About this task:
Copy the lines below, word for word, from the first through the line containing "Purple wedding at". Leave the pictures out.

Supplied data:
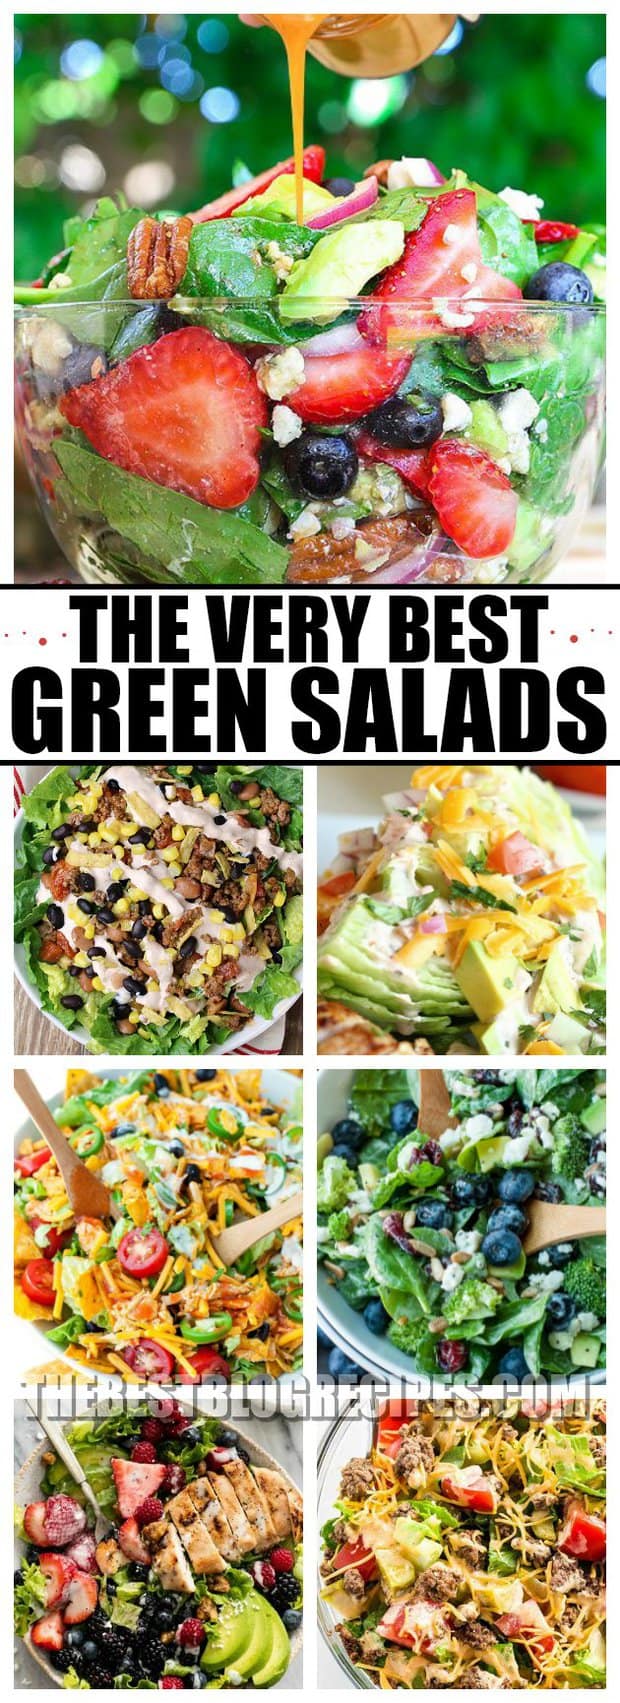 THE VERY BEST GREEN SALADS
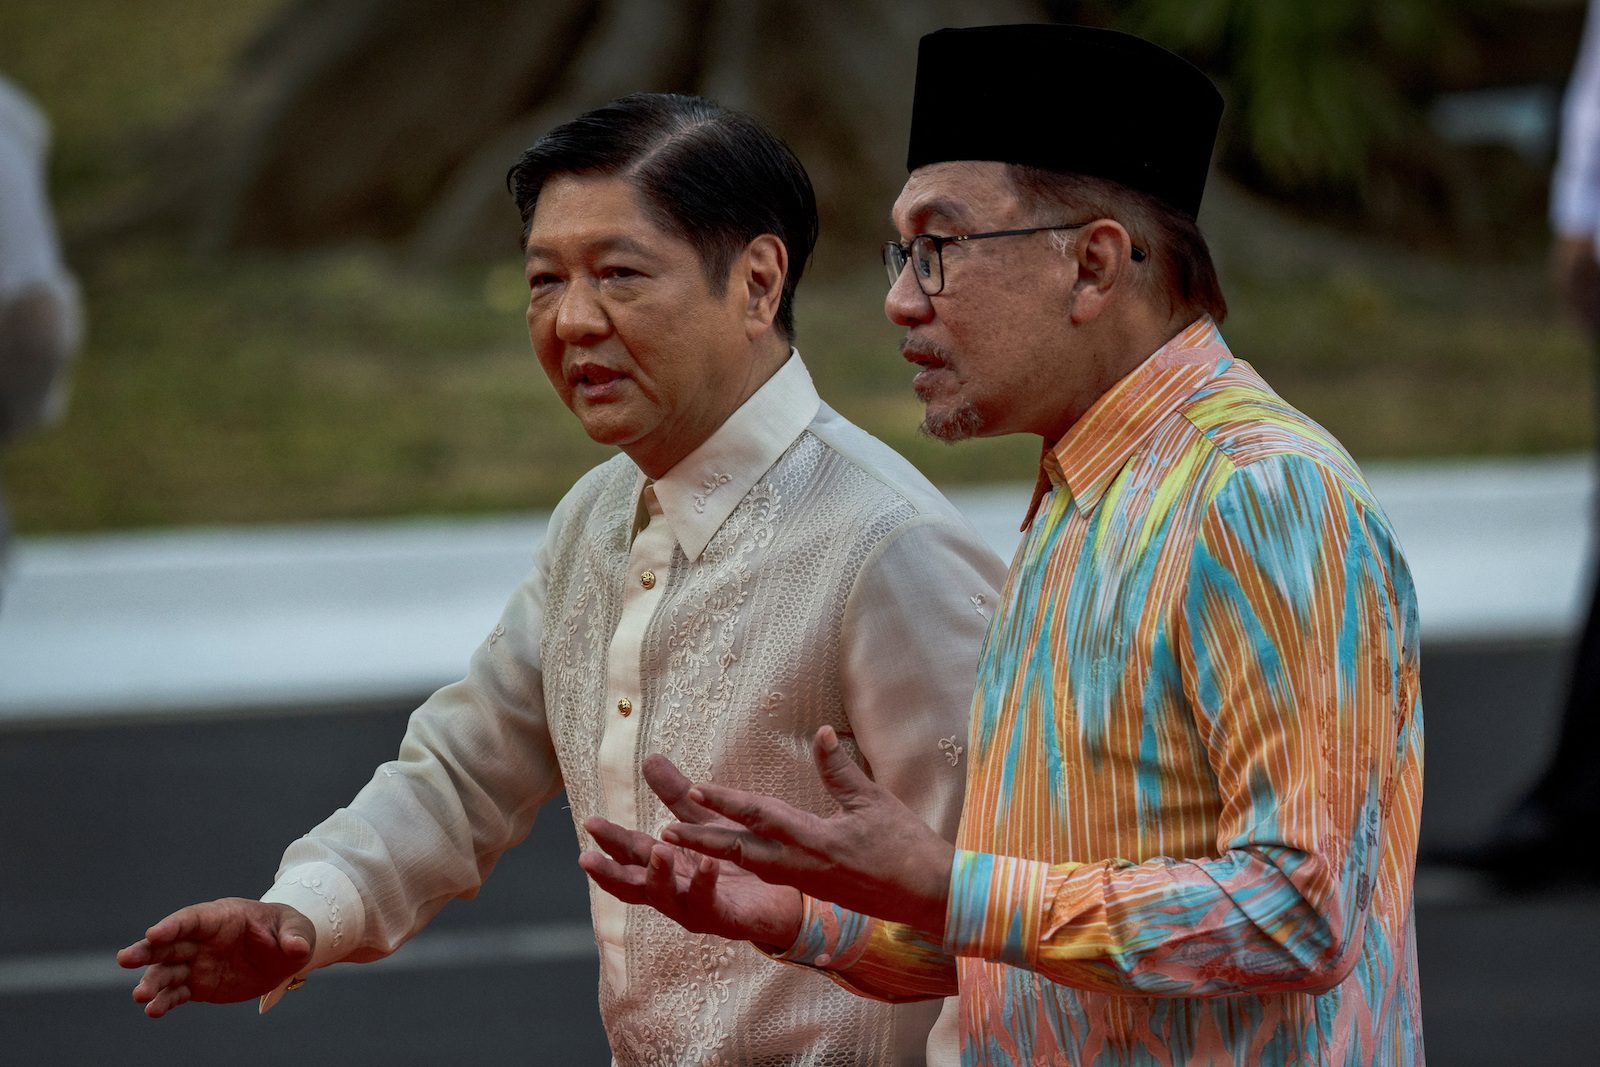 Malaysia prime minister says Myanmar crisis affecting region’s security
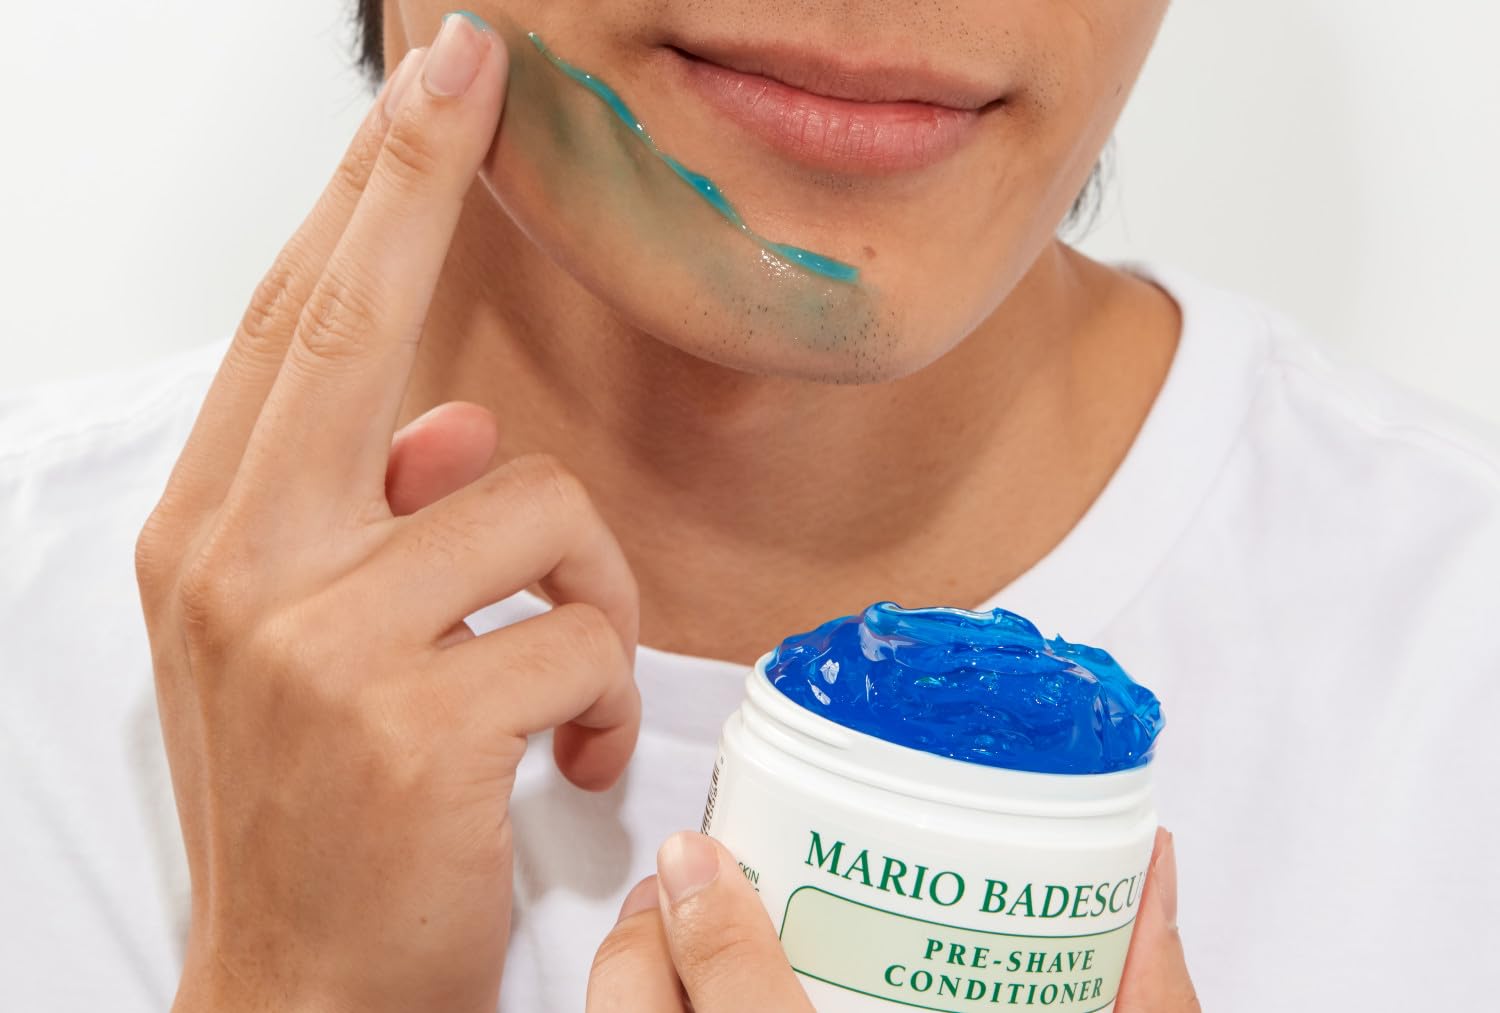 Mario Badescu Pre-Shave Conditioner | Soothing, Botanical-infused Pre Shave Gel for Your Best Shave Yet | Preps, Primes, and Softens Skin and Hair
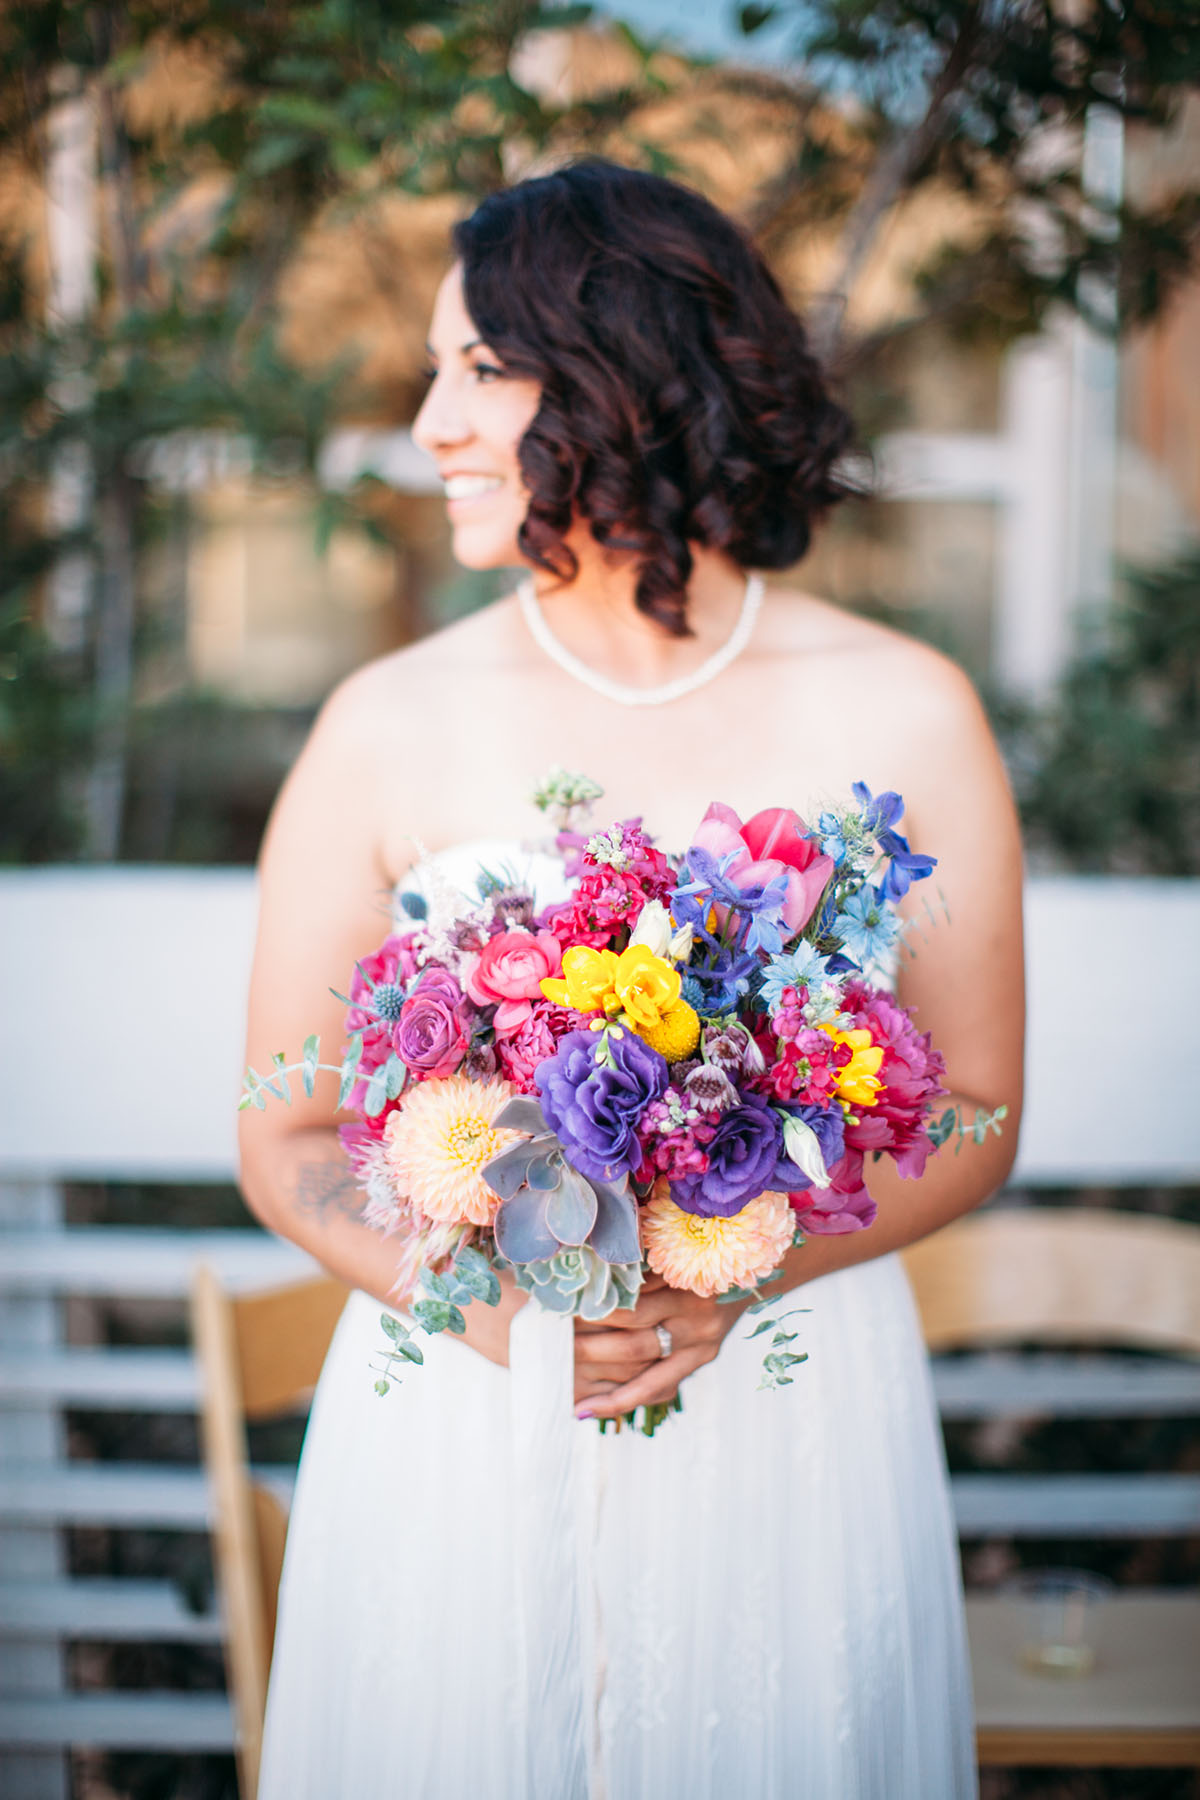 Purple wedding at Mission Trails Regional Park two brides BHLDN David's Bridal white dresses nature outdoors bright colorful bouquet
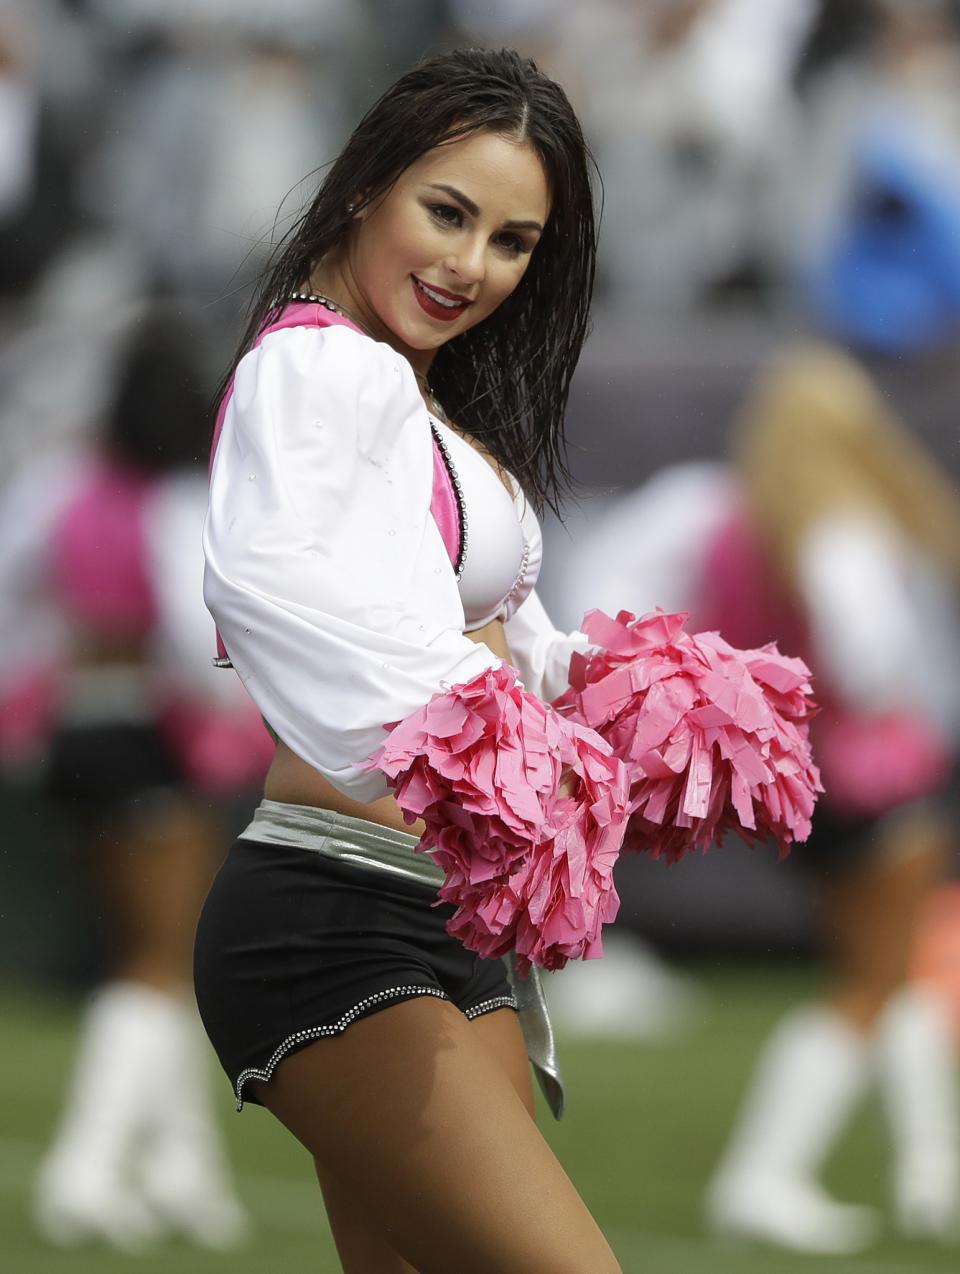 <p>Oakland Raiders cheerleaders perform during the first half of an NFL football game between the Oakland Raiders and the Kansas City Chiefs in Oakland, Calif., Sunday, Oct. 16, 2016. (AP Photo/Marcio Jose Sanchez) </p>

Solution for this task:
 THE VERY BEST GREEN SALADS
 Malaysia prime minister says Myanmar crisis affecting region’s security
 Mario Badescu Pre-Shave Conditioner | Soothing, Botanical-infused Pre Shave Gel for Your Best Shave Yet | Preps, Primes, and Softens Skin and Hair
 Purple wedding at Mission Trails Regional Park two brides BHLDN David's Bridal white dresses nature outdoors bright colorful bouquet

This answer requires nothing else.